Redundancy. You had to squeeze either the left or the right while the auger or drive was engaged so that if you fell the machine would shut off. A lot of people taped them down or removed them.


----------



## Blizzard440 (Jan 24, 2017)

SnoThro said:


> Redundancy. You had to squeeze either the left or the right while the auger or drive was engaged so that if you fell the machine would shut off. A lot of people taped them down or removed them.


ok Thks so it dosn,t fall neutral like newer blowers to change gears or stop auger while running.


----------



## UNDERTAKER (Dec 30, 2013)

Blizzard440 said:


> ok Thks so it dosn,t fall neutral like newer blowers to change gears or stop auger while running.


* They are called DEADMAN SWITCHES. you have to keep 1 paw locked down on it. in order to do anything. If you are tooling along down a big open highway and slip and fall the ENGINE is now DEAD ON ARRIVAL. But if the contacts on the handle bars are shot or gone with the Schwinn those parts are now all NLA!!!!!!!!!!!. Had them on "SR" when I raised him up from THE DEAD. Have no clue if they still worked or not so I just ripped them off of him. As long as you have 1 paw clamped down on them. you can double clutch shifting gears till the cows come home to be milked. k:k:k:k:k:k: *


----------



## Blizzard440 (Jan 24, 2017)

POWERSHIFT93 said:


> * They are called DEADMAN SWITCHES. you have to keep 1 paw locked down on it. in order to do anything.

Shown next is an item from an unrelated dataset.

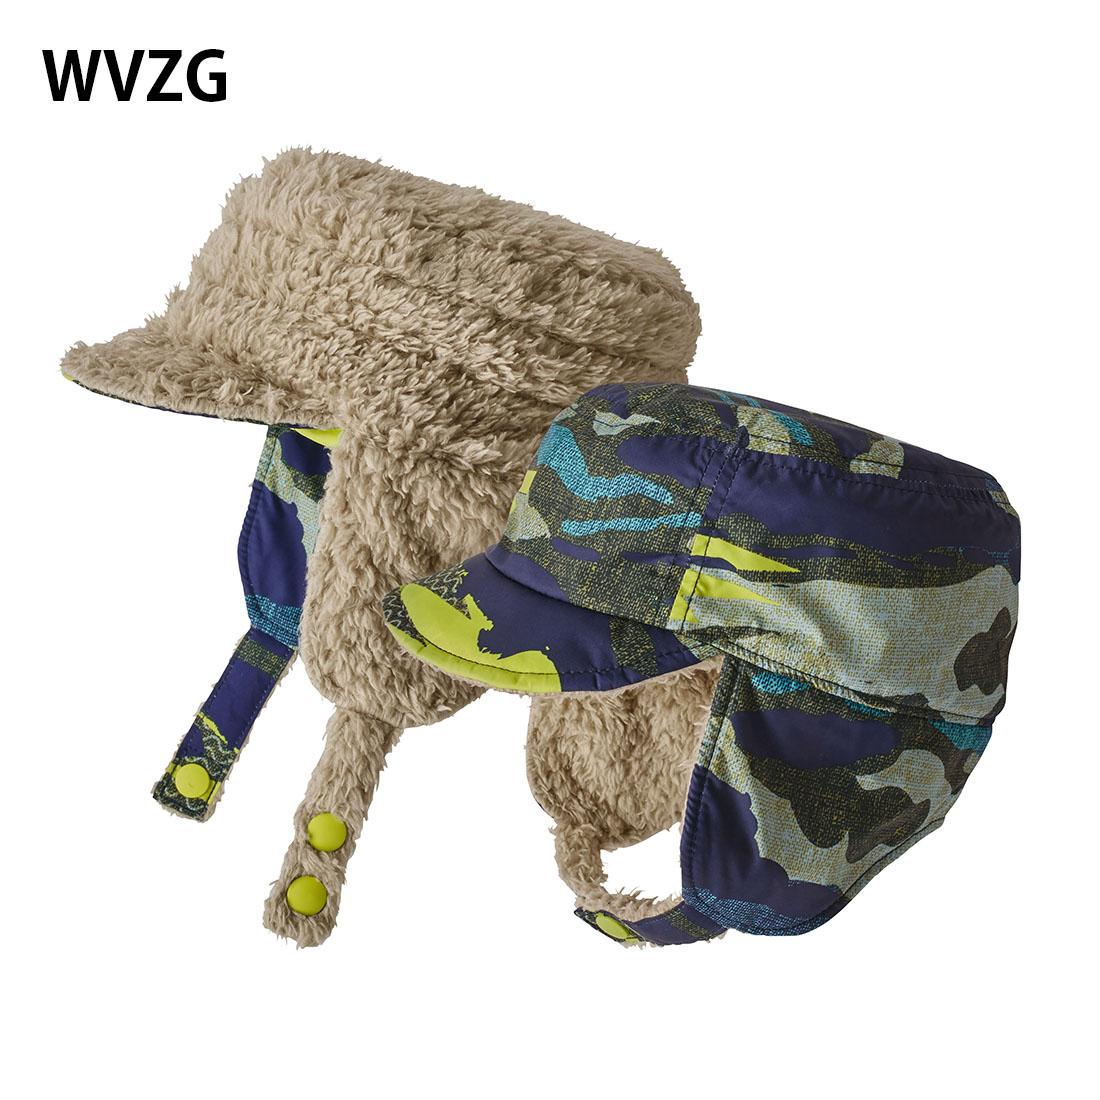 パタゴニア patagonia ベビー Baby Reversible Shell Hat(1歳-2歳)ベビー・リバーシブル・シェル・ハット メール便可 60577

If you are tooling along down a big open highway and slip and fall the ENGINE is now DEAD ON ARRIVAL. But if the contacts on the handle bars are shot or gone with the Schwinn those parts are now all NLA!!!!!!!!!!!. Had them on "SR" when I raised him up from THE DEAD. Have no clue if they still worked or not so I just ripped them off of him. As long as you have 1 paw clamped down on them. you can double clutch shifting gears till the cows come home to be milked. k:k:k:k:k:k: *


THKS for the info.!


----------